* **Task description**
The pictures in the listing below are to be skipped, while the lines between the line holding "Acne Studios Blue" and the line holding "Vista de la", inclusive, are to be output exactly.

* **Data section**

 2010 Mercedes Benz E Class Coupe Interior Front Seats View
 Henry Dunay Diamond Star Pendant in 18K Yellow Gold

* * *

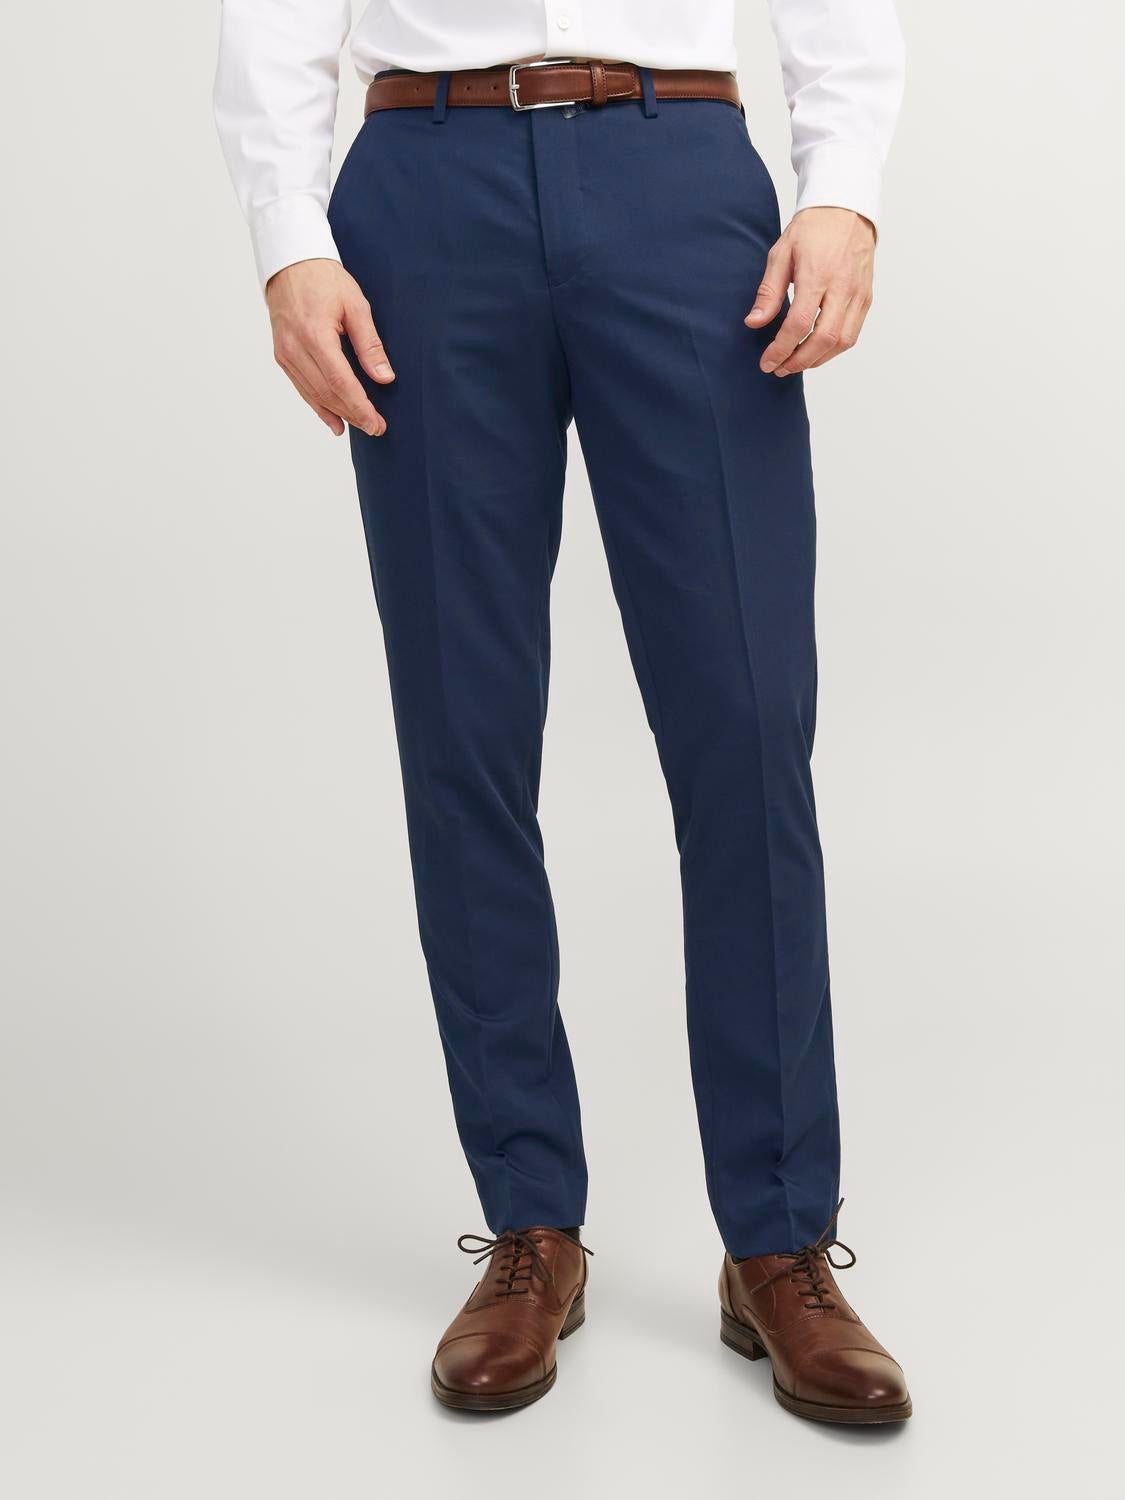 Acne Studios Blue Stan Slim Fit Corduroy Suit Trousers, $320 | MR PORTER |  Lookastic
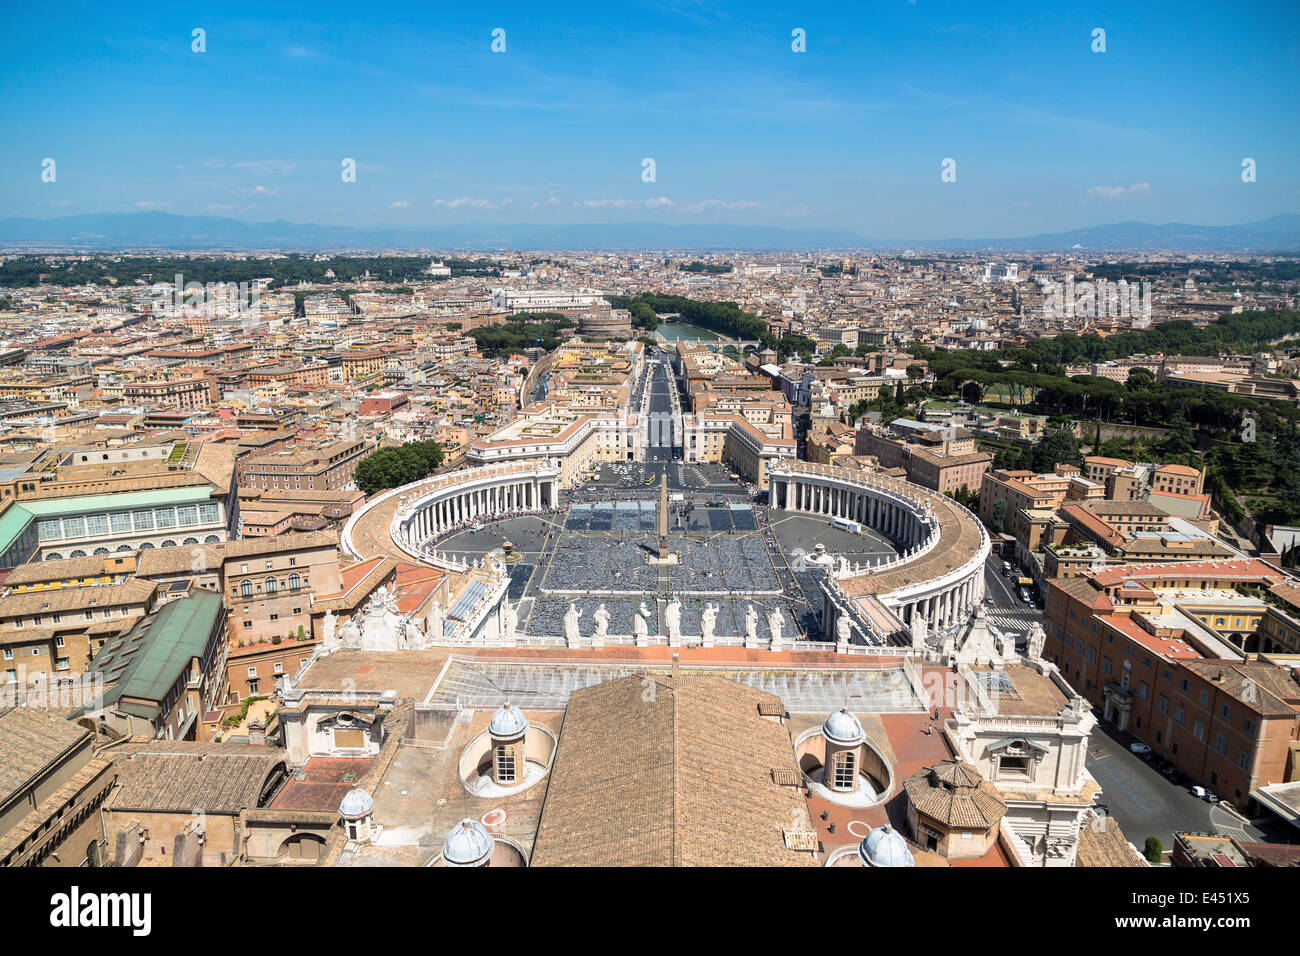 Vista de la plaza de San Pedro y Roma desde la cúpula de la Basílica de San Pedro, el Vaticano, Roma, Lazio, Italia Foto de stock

* **Solution**
 Acne Studios Blue Stan Slim Fit Corduroy Suit Trousers, $320 | MR PORTER |  Lookastic
 Vista de la plaza de San Pedro y Roma desde la cúpula de la Basílica de San Pedro, el Vaticano, Roma, Lazio, Italia Foto de stock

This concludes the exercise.